I once knew a girl that I knew I loved. Over and over she never said it back. Over and over she stabbed my heart. Late one night, in a fit of rage, we verbally tore each other down in every way we could, and before we coldly parted ways, the unexpected... With the most serene and sincere heart that I have ever felt, she looked me dead in the eyes, and she told me she loved me. It was at this moment that I realized I never once in all that time heard a single thing she said. How do I know this? Because for as much as I am certain of the fact that she truly does love me, even to this day... I am certain that at that moment in time, that I could not for any power in my being say "I love you back," because she did love me and did hear me, and knew about me that which I never knew, that she never told me she loved me before, because she loved me... And she knew my love was never true.

I appreciated your posts, and thank you for allowing me to tell my story. I forget about it probably more than I should. Take care.


----------



## sweetraglansweater (Jul 31, 2015)

incarnation said:


> So i have this girl friend for a couple months and i love her and she knows it already. She is constantly making me jealous by talking about other guys. e.g (Oh! This guy from my class is really cute and he wants to go out with me, or she would just printscreen some photo of her phone texts that she is having with some guy and she would say oh! he is so sweet! e.t.c. I already said to her that i don't really care about those stuffs and i tell her to stop saying those things to me coz i'm jealous but she just keeps doing it all day long lol. I don't know if she is trying to tease me or trying to tell me somethin with this. I used to tell her like " You know what, why don't you give it a try with this guy?", " Why don't you get out with that cute guy and see what that can happen?" and after i say that she just says meh.. he is not that cute after all or she would say he is actually boring and then she just stop talking and block them. She has been doing this for a couple days and she always and always tell me about this guys... When i tell her that i love her and give her compliments she just don't say anything and she is not even that shy to be honest. We have been talking pretty much every single day since we've met eachother and she is the one who always initiate the conversations. She text and calls me a lot and for i know already about INTJ's they do not usually initiate conversations and don't talk 24/7 with someone like this. *Is this girl trying to mess my head, trying to tell me something? Or am i just in this huge friend zone?*


Step one: plan in advance when you will see this mindfucking chick next. Make sure you will be alone with ample conversation time. 
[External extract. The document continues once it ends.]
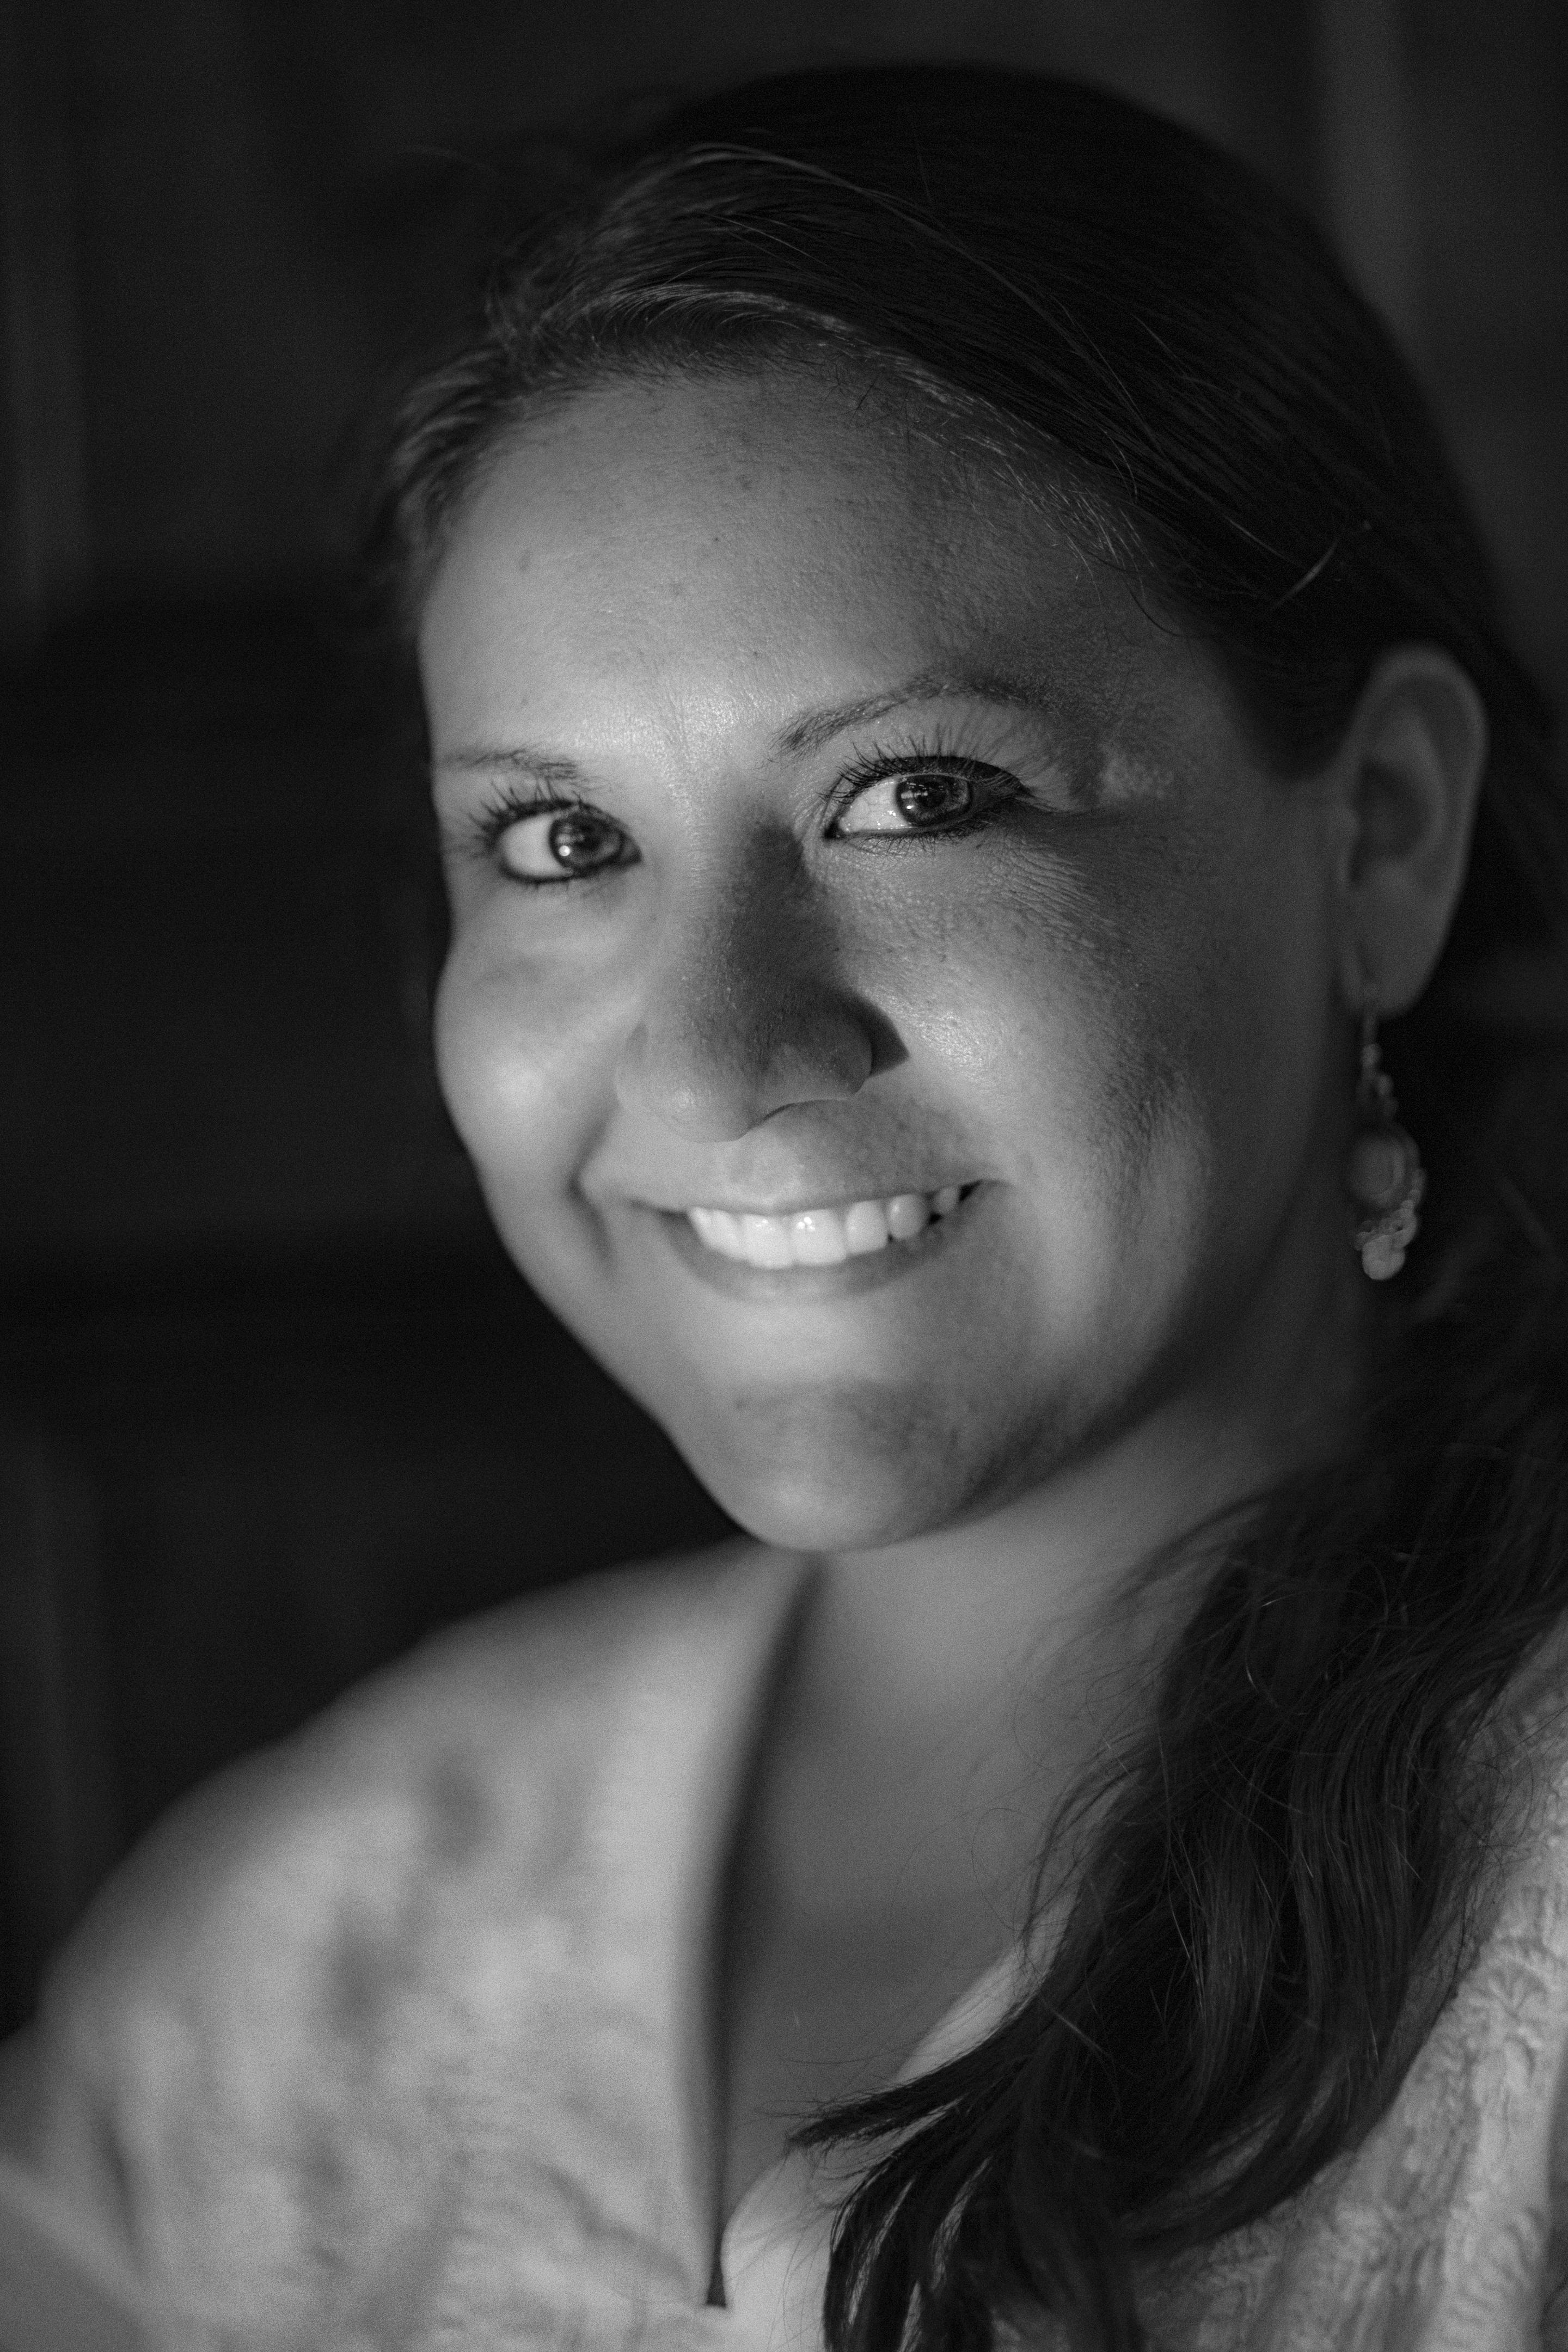 Denisse Velazquez - México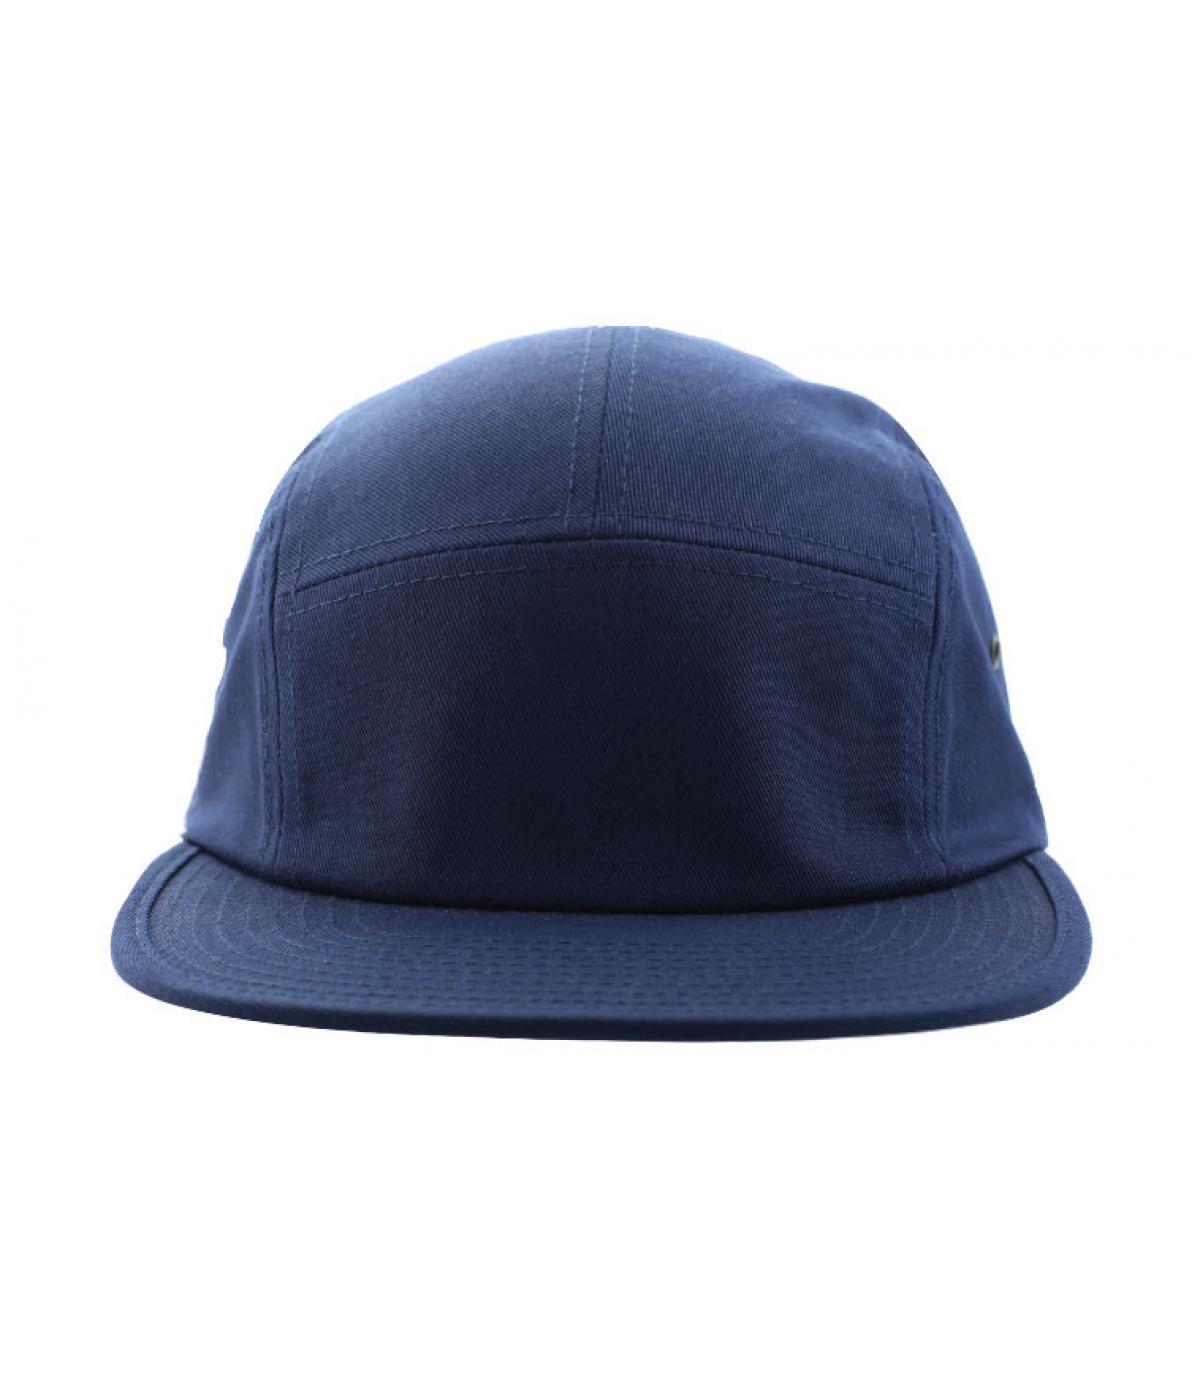 Navy 5 panel cap

Step two: Wear something that shows off your best assets (eyes, hair, bod). If a woman has ever told you "I like x_" or "this is hot about you" then take full advantage of that and put it on display. I don't care if it's your butt. Wear the skinny jeans that show it off. You get my point. Be hot.

Step three: hottify your mind. In order to accomplish the woman-mind-bending protocol I am about to bequeath to you, you must mentally prepare yourself. Get yourself into a key-strobe alpha state of mind. Watch that testosterone filled movie that makes you want to pump weights. Pump weights. Go bro it out in a mosh pit the night before. Meditate on your qui. Don't fap for several days leading up to this. Get aggro. Lock the aggro up inside of you like a genie in a bottle that's threatening to uncork like a martini, shaken, not stirred.

Step four: the day of the meeting arrives. She waltzes in with her glib INTJ mindfuck "blah blah other men luuuve me" routine. Translation: you will hear "other men are going to bone me if you don't get your act together and do it first. I'm begging you, step up your game." When she says the name of some other sorry sucker just smile and ignore her. Don't tell her your jealous. Jealousy is for boys who would deign to call themselves men. Just nod like Putin at the UN council: Putin sees through their bullshit, Putin knows. 

Step five: after allowing her to rattle for about a half hour begin the moves. The moves consist of leaning in close and listening, nodding your head, smiling, not letting her get to you. At some point you are going lock eyes with her. She's going to be like "waaa?" and pretend she doesn't know what's going on. Keep your eyes locked on her. These locked eyes will communicate two things:
a) you're a predator
b) you're DTF

After your eyes are locked and she will do one of two things:
a) fidget uncomfertably and look away 
or,
b) return the gaze.

If b, (she returns your gaze )you know she wants your schlepple. Don't let her back out now. You're going to go in for a kiss. Not like some mamsy-pamsy kiss. You are going to firmly take this chick by the back of her neck, wrap your other arm around her and draw her in like she's water, or a steak, or water. You get the idea. You are going to put your lips on hers and enjoy yourself. You are going to let her know that you're enjoying yourself by making a manly grunt that says you're pleased with her body. Chicks love knowing that men are pleased with them. As you kiss her and draw her in you are going to begin rubbing your hands on her neck, exploring the mild eroginous zones until she squirms. Don't give it to her right away. Hold her in suspense, keep kissing her for 5-10 minutes. If you feel comfertable and she's returning the favor then you might consider pinning her against the wall. Lightly of course. You don't want to get rape-y but you also want her to know that you are trying to prevent that inner beast from unleashing himself on her. Chicks dig that kind of tension. Amp it up and then uncorck the genie. Deliver the aggro to her little bod and release the man cracken in your pants.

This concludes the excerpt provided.